Mitchell seeks Israeli settlement deal in talks with Netanyahu, Abbas

US special envoy George Mitchell (photo) was to seek a deal on divisive West Bank settlements in a meeting with Israeli Prime Minister Benjamin Netanyahu on Tuesday. Mitchell will hold talks with Palestinian President Mahmoud Abbas later in the day.


AFP - US envoy George Mitchell opened talks with Israel's prime minister on Tuesday, aiming for a deal on West Bank settlements to pave the way for a resumption of stalled Middle East peace talks.

Mitchell met with Prime Minister Benjamin Netanyahu in Jerusalem and was to hold talks with Palestinian president Mahmud Abbas in the occupied West Bank in the evening.

The thorny issue of Israeli settlements on occupied Arab land was to top the agenda.

Mitchell is seeking Israel's agreement to some kind of a moratorium on construction that would be acceptable to the Palestinians to resume negotiations which were suspended in late December amid the Gaza war.

"We share your sense of urgency" for the talks to resume before the end of September, Mitchell said on Sunday after meeting with Israeli President Shimon Peres.

"It is our intention to conclude this phase of our discussions in the very near future, within the timeframes that you suggest, to enable us to move on to the next and really the more important phase," Mitchell said.

"While we have not yet reached agreement on many outstanding issues, we are working hard to do so, and indeed the purpose of my visits here this week is to attempt to do so," he said.
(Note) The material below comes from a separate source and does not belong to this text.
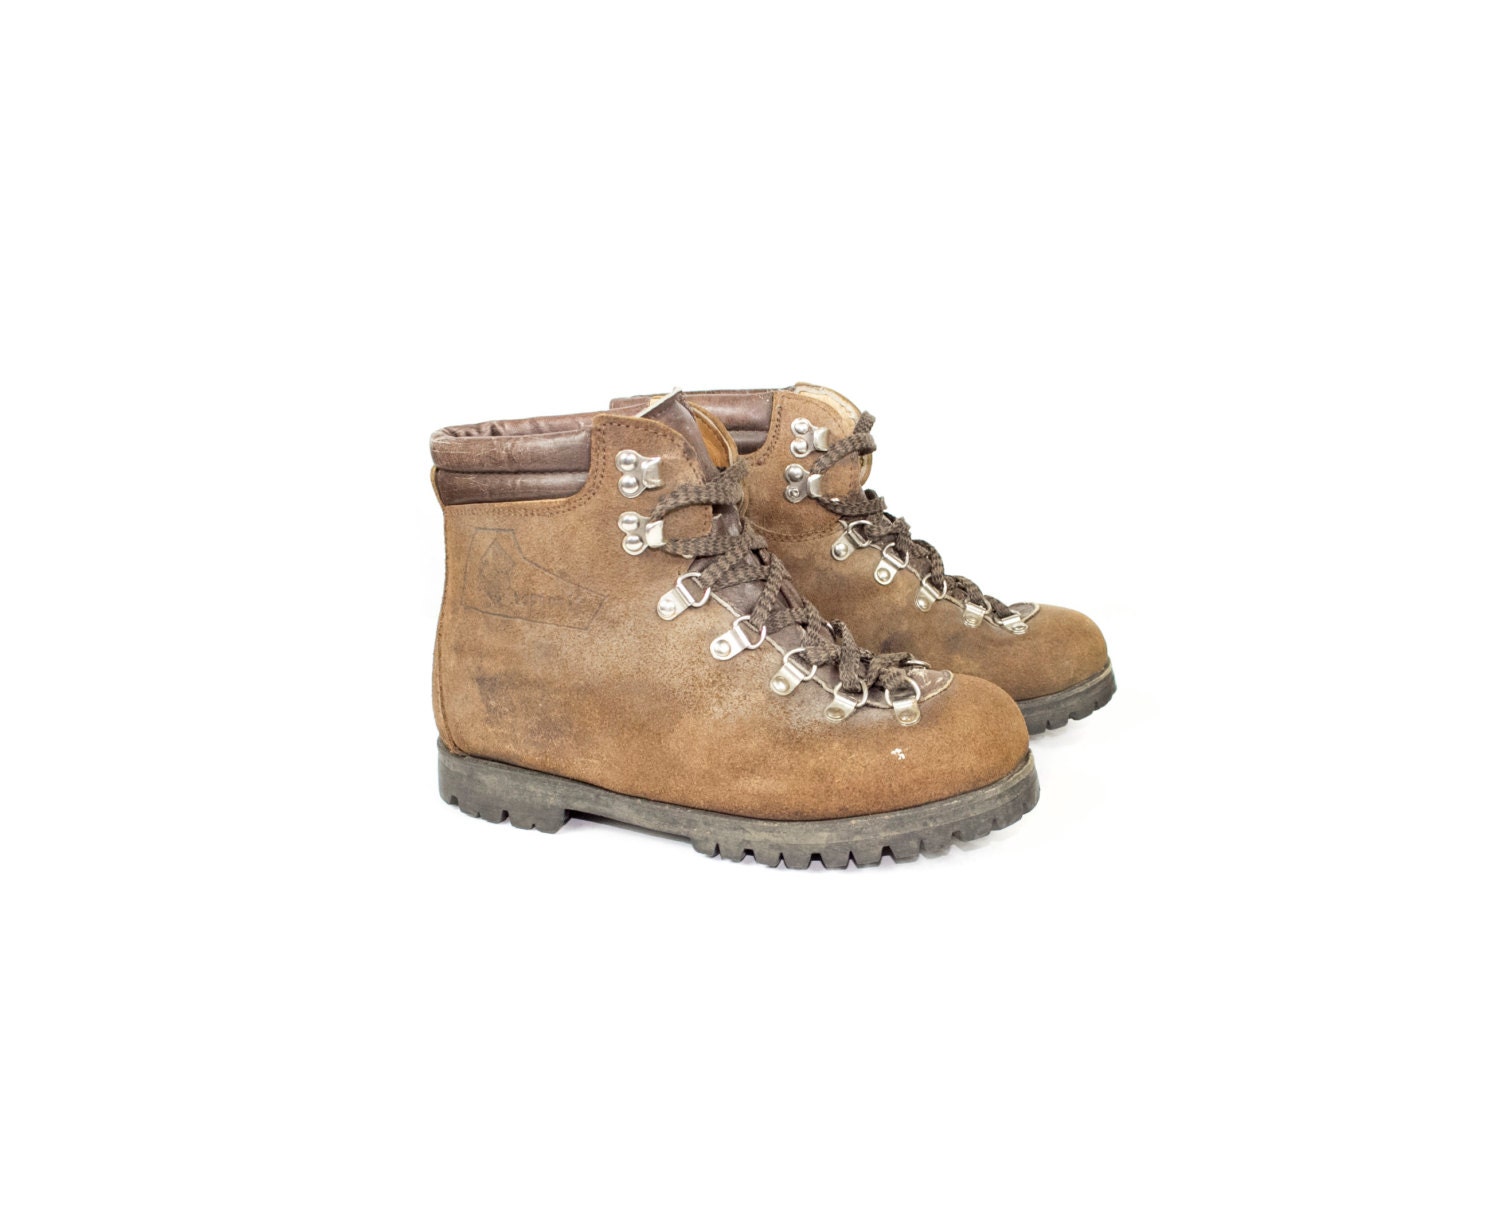 Summit Italian leather hiking boots / alico / vintage / hand

Washington has been demanding for months that Israel halt all settlement activity in the West Bank and annexed east Jerusalem, but hawkish Netanyahu has so far refused and the Palestinians are insisting on such a moratorium to resume peace talks.

Mitchell has been seeking to hammer out a compromise that would pave the way for a three-way meeting between Netanyahu, Abbas and US President Barack Obama at the UN General Assembly later this month.

A compromise could see Israel agree to a temporary halt of anywhere between six months and a year, would exclude east Jerusalem and would allow for some 2,500 housing units already under construction to be completed, according to media.

Israeli settlements in the West Bank and mostly Arab east Jerusalem are a key obstacle in the Middle East conflict. They are considered illegal by the international community although they are home to half a million Israelis.

Obama's administration is working toward a comprehensive peace package that would see Israel strike deals with the Palestinians, Syria and Lebanon, and the Arab states normalise relations with the Jewish state after more than 60 years of conflict.

The Israelis and Palestinians resumed their peace negotiations in November 2007 after a nearly seven-year hiatus, but the talks made little visible progress and were suspended in late December after Israel launched a war in the Hamas-run Gaza Strip.